DATA Block Start

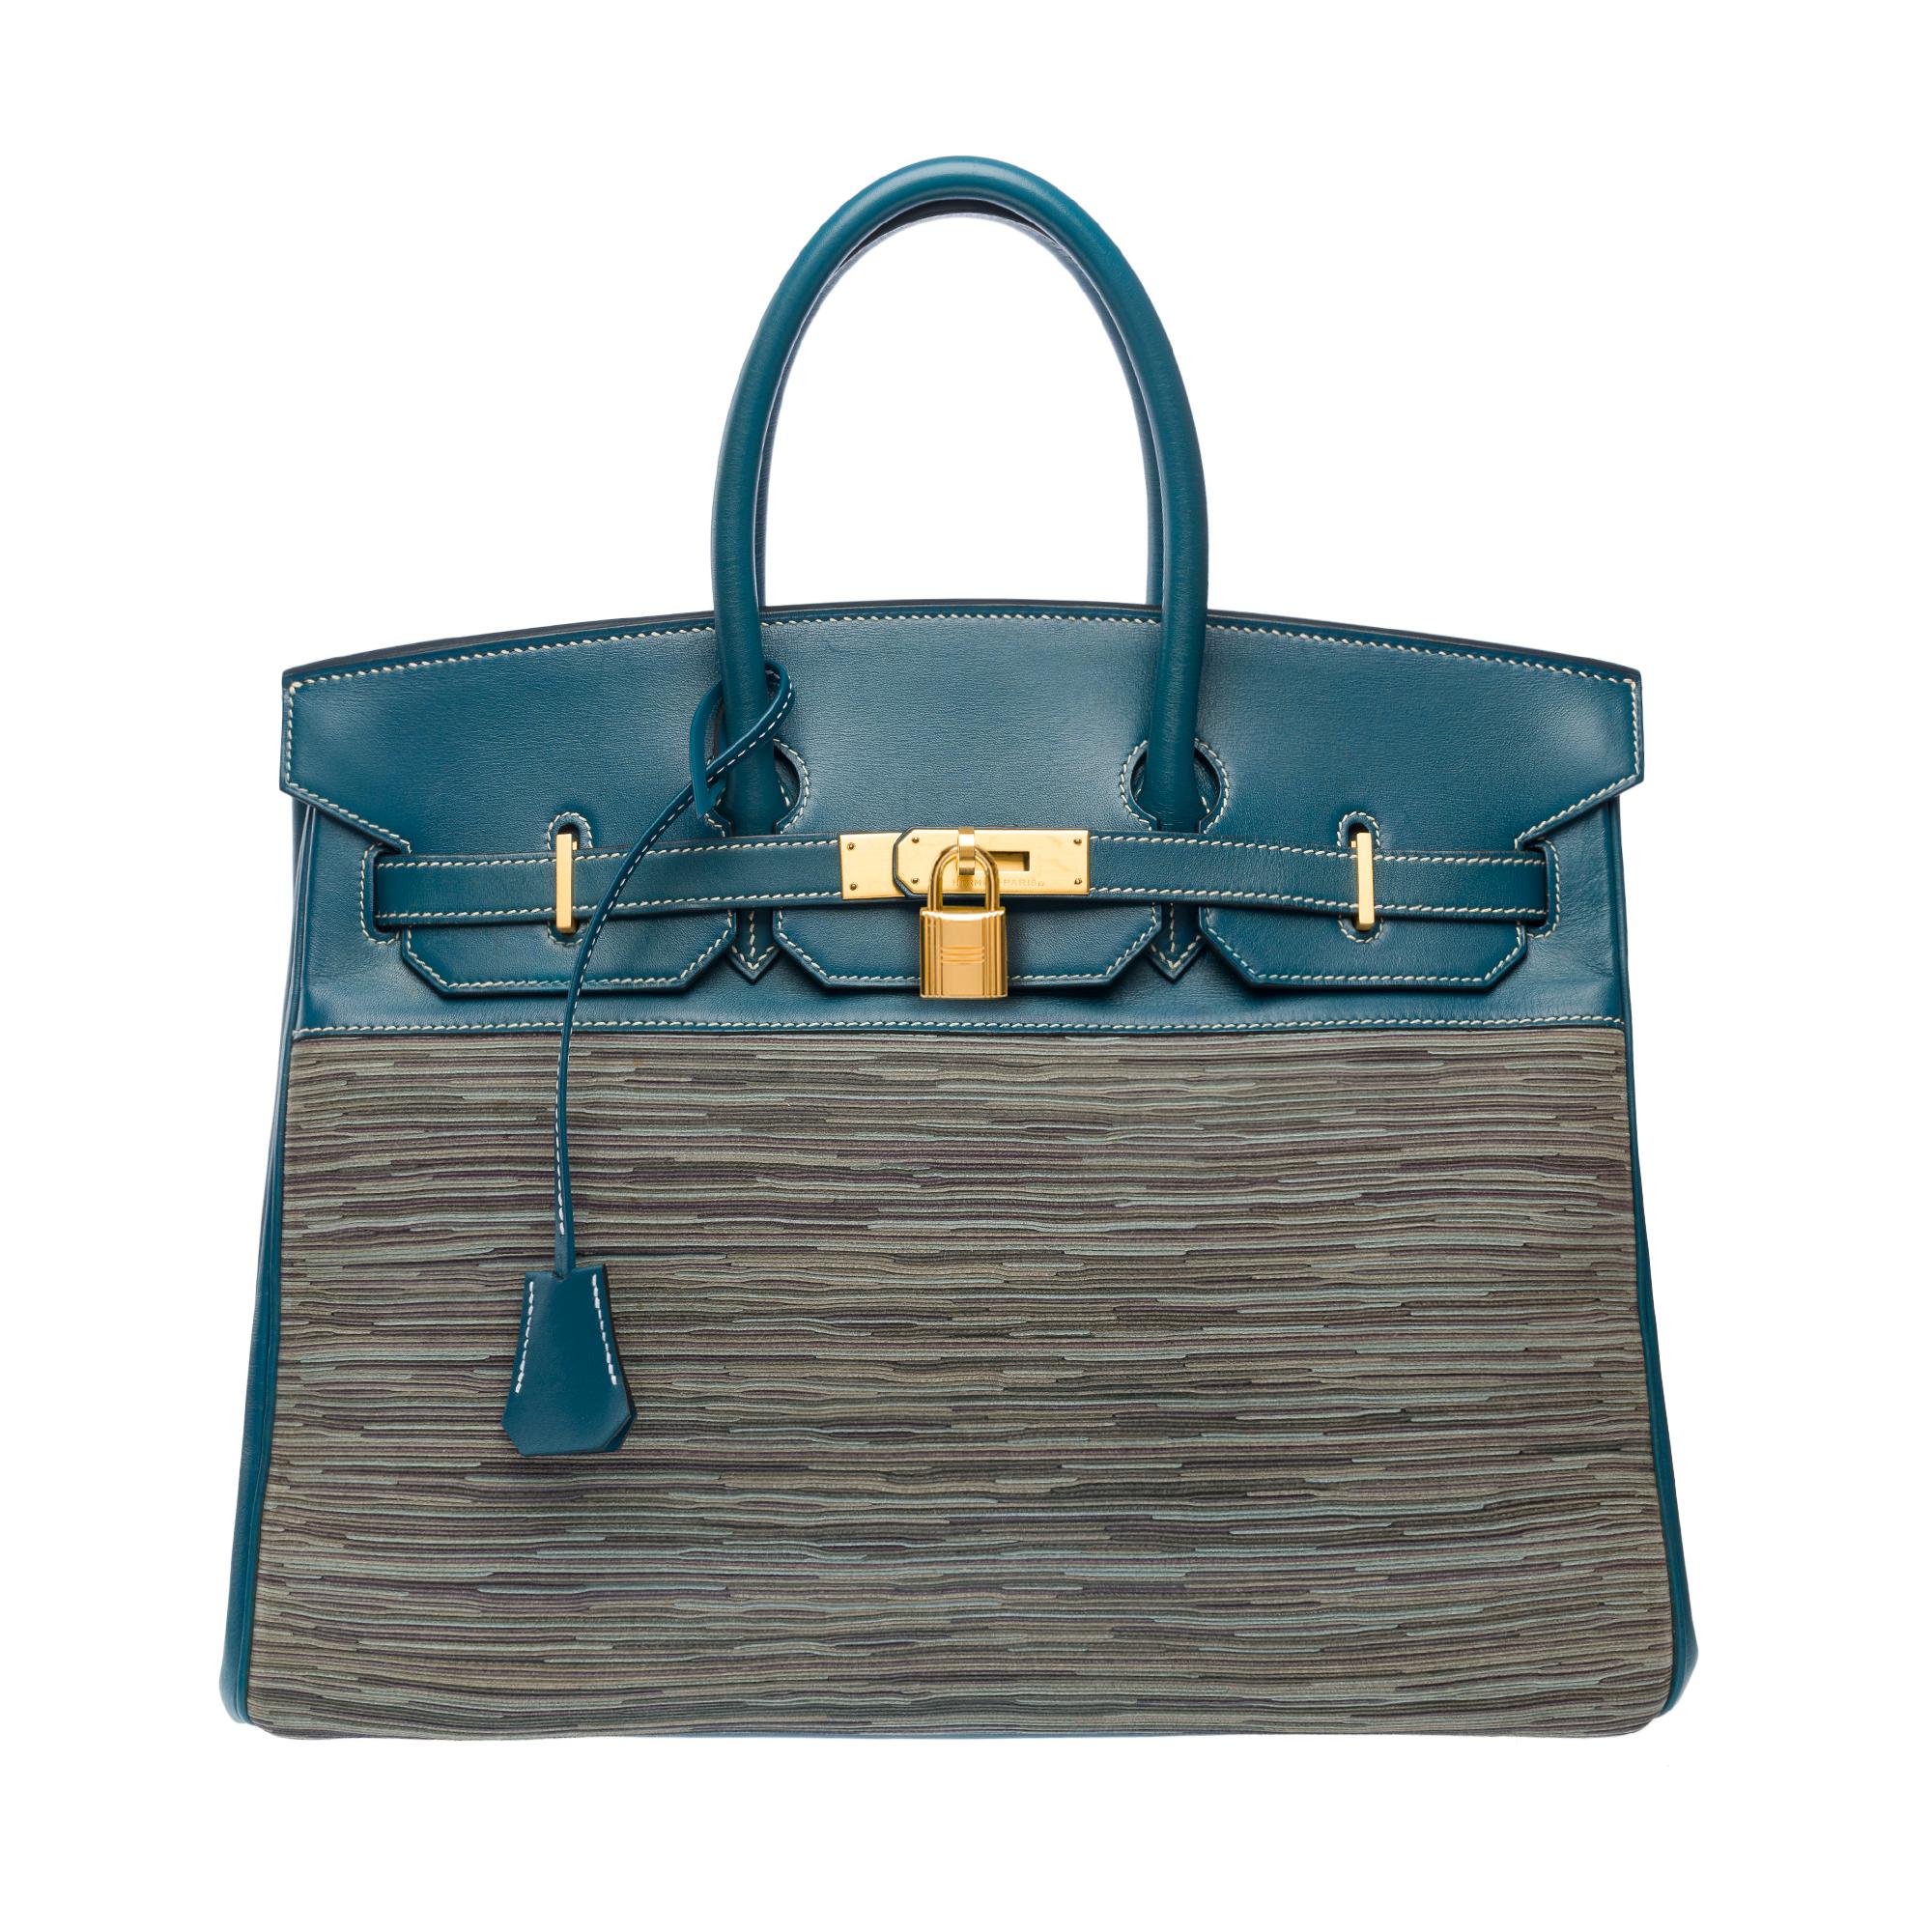 Limited Edition and Rare Hermes Birkin 35 in Blue Thalassa  calf leather, brushed gold metal trim, double handle in blue leather allowing a hand carry

Flap closure
Blue leather inner lining, a zippered pocket, a patch pocket
Signature:

DATA Block End

## WORK REQUIRED
Output, and output only, the lines from the one containing "Blue leather inner" through the last line of the data above.

## EXERCISE RESULT
Blue leather inner lining, a zippered pocket, a patch pocket
Signature:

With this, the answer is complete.